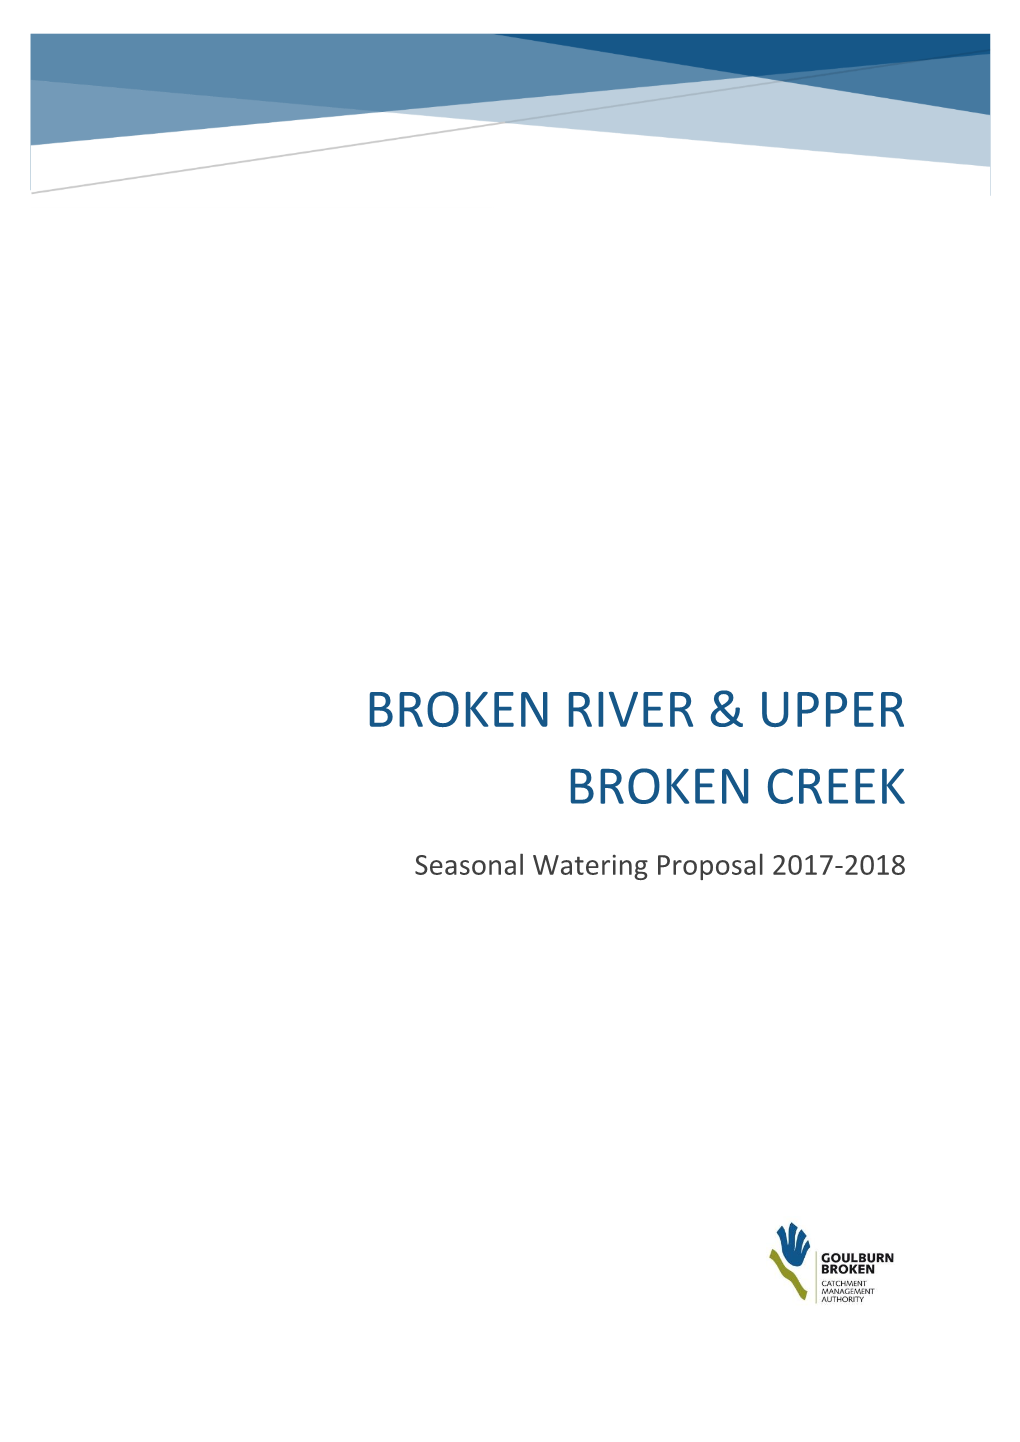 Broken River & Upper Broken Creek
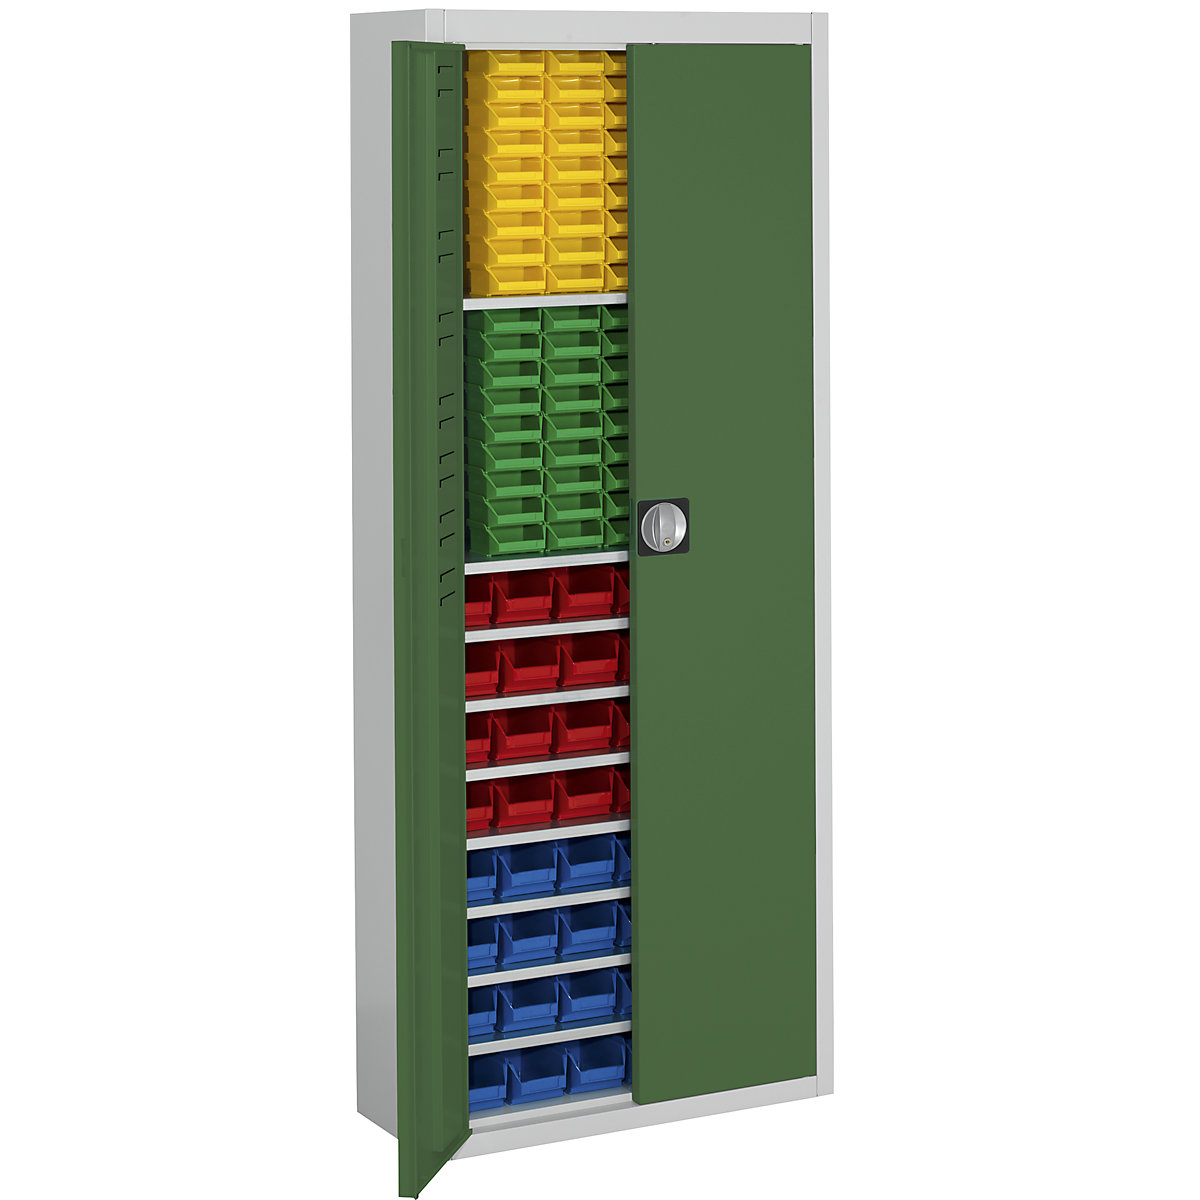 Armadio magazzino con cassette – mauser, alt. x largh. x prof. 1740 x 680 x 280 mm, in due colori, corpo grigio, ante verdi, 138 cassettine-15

★ ★ ★

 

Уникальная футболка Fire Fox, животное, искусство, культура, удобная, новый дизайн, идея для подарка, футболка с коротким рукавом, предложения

★ ★ ★

WHAT IS REQUIRED => Find where the line with "Broken River & Upper Broken Creek" sits in the material above and where the line with "Armadio magazzino con" sits. Set down exactly the lines from the first to the second, both included and nothing else, without pictures.

ANSWER TO THIS TASK =>
 Broken River & Upper Broken Creek
 Armadio magazzino con cassette – mauser, alt. x largh. x prof. 1740 x 680 x 280 mm, in due colori, corpo grigio, ante verdi, 138 cassettine-15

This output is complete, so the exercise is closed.